The facts of the PLR ​​are as follows. A county hospital with outstanding tax-exempt bonds offers training programs for nursing students, medical residents, and other healthcare professionals attending local colleges and universities. The hospital entered into such an agreement with a school to allow the school’s pharmacy students to participate in clinical rotations. Under the contract, the school would take care of the educational and other matters you would expect of a school – selecting students and faculty; develop a curriculum; maintain school records; ensuring compliance with licensing requirements; ensure that students follow hospital rules and regulations; maintenance of insurance. The hospital allows faculty and students access to its facilities but does not guarantee such access and may immediately expel students and faculty for cause, such as endangering the health and safety of patients, visitors or staff. No compensation is paid under the agreement. The county bears the risk of loss to the hospital and the school is not able to control the county, for example, through seats on the county board.

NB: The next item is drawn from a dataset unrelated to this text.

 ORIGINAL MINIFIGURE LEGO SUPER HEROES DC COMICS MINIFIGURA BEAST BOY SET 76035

At first glance, it’s somewhat surprising that anyone even asked for a private letter ruling on such a routine deal. Almost all the teaching hospitals in the country have many agreements like this with various schools. The hospital gets relatively cheap (or possibly free) labor, and the school provides its students with valuable experience and often a prerequisite for obtaining a medical license. The complete absence of any compensation under the agreement might have been considered reason enough to move on to the next contract in the pile.

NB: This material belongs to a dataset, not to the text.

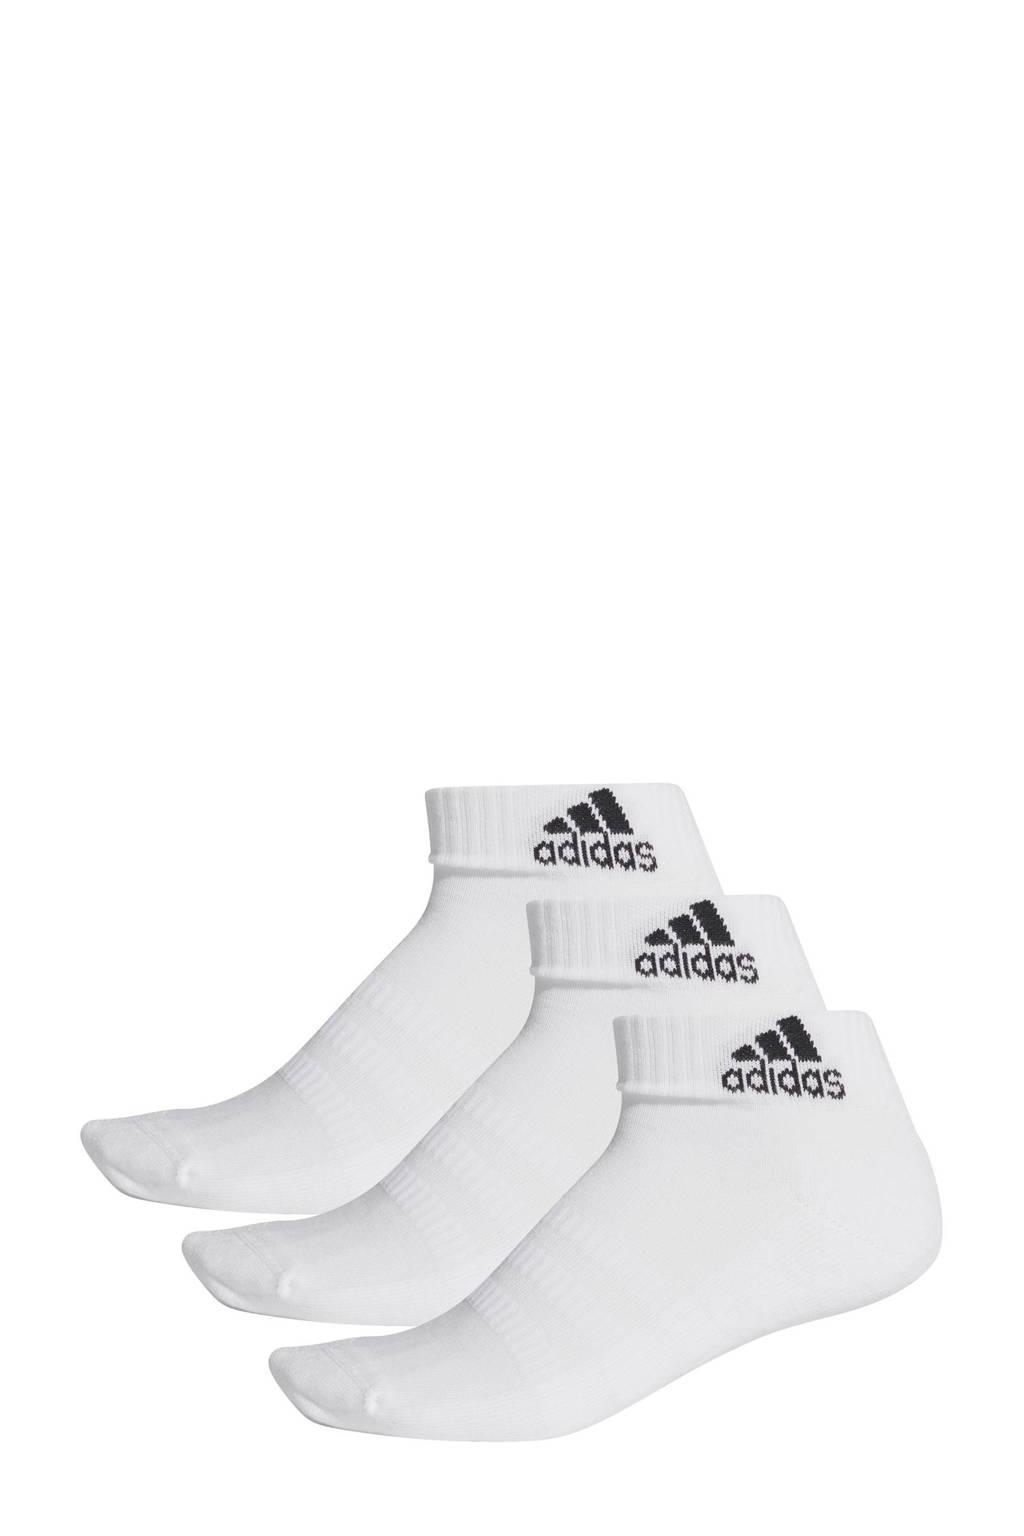 adidas Performance   sportsokken - set van 3 wit, Wit/zwart

Curiously, on the facts above, the IRS simply concluded that the contract “does not meet all the conditions of the safe harbor”. The decision does not say why. We are left to guess, and the process of elimination is really the only way to do it. Continuing the interpretative approach taken by the IRS in the PLRs under Rev. proc. 97-13 to contracts that did not quite meet a safe harbor, the IRS used the elements of the safe harbor under Reverend Proc. 2017-13 as a practical tool in determining whether the contract in this decision resulted in private commercial use based on all facts and circumstances.

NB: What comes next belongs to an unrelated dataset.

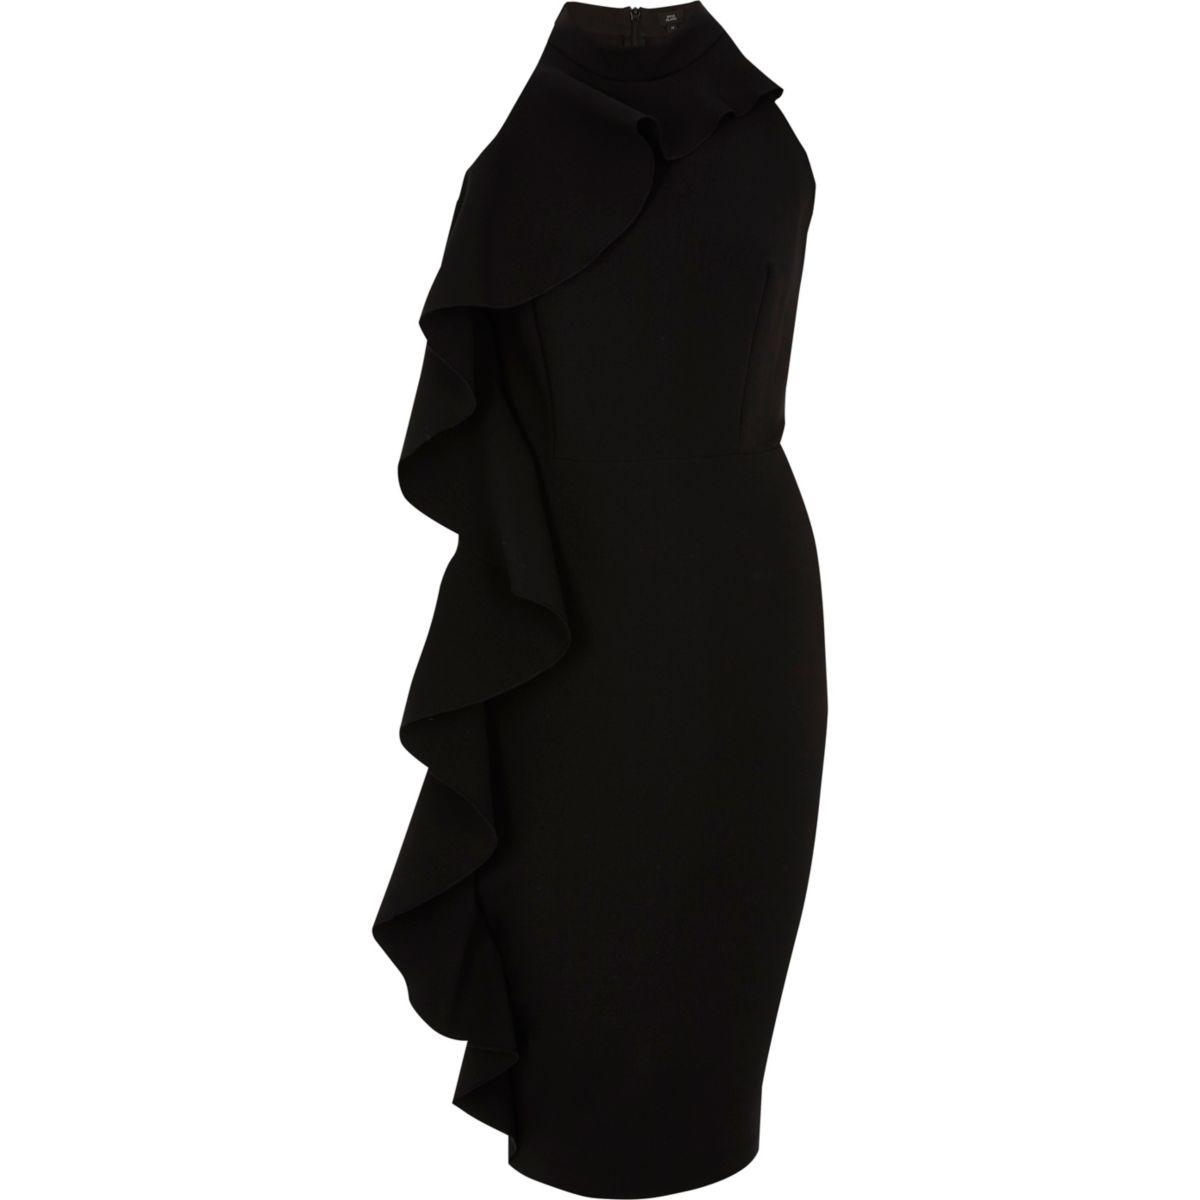 Black frill side sleeveless bodycon dress

However, if you follow how the PLR ​​dutifully runs through the elements of the safe harbor as a guide for testing facts and circumstances, it superficially appears that all of the elements of the safe harbor are satisfied. Even though the PLR ​​ends on a happy note, bringing the transmitter to the same place with the test of facts and circumstances that perhaps he should have been able to reach through the safe harbor, he us It remains to be speculated what was missing – why ‘Does the contract satisfy the safe harbor as such, if it satisfies all the elements as applied by the test of facts and circumstances?

Could this be because the service provider has not “agreed that it is not entitled to take and will not take any tax position inconsistent with being a Services ? The PLR’s analysis simply notes that the “[s]The school has no right and will not take any fiscal position inconsistent with being a service provider”, which is not quite the same as agreeing not to take such position in the written terms of a contract. Or, instead, even more bizarrely, did the IRS rule that the contract violated safe harbor because there was no compensation under the agreement? The PLR ​​notes that Safe Harbor requires that “payments to the service provider under the contract shall be reasonable compensation for services rendered” and that under the contract, “there is no payment of compensation”, which, once again, is not quite the case. same thing.

In some previous posts, we questioned if there was anything left of the test of facts and circumstances after Reverend Proc. 2017-13 stuffed most of the content that previously existed in the Safe Harbor facts and circumstances test. This decision seems to be the atomic particle that still exists on the periphery of the Venn diagram between the test of facts and circumstances and Rev. proc. 2017-13.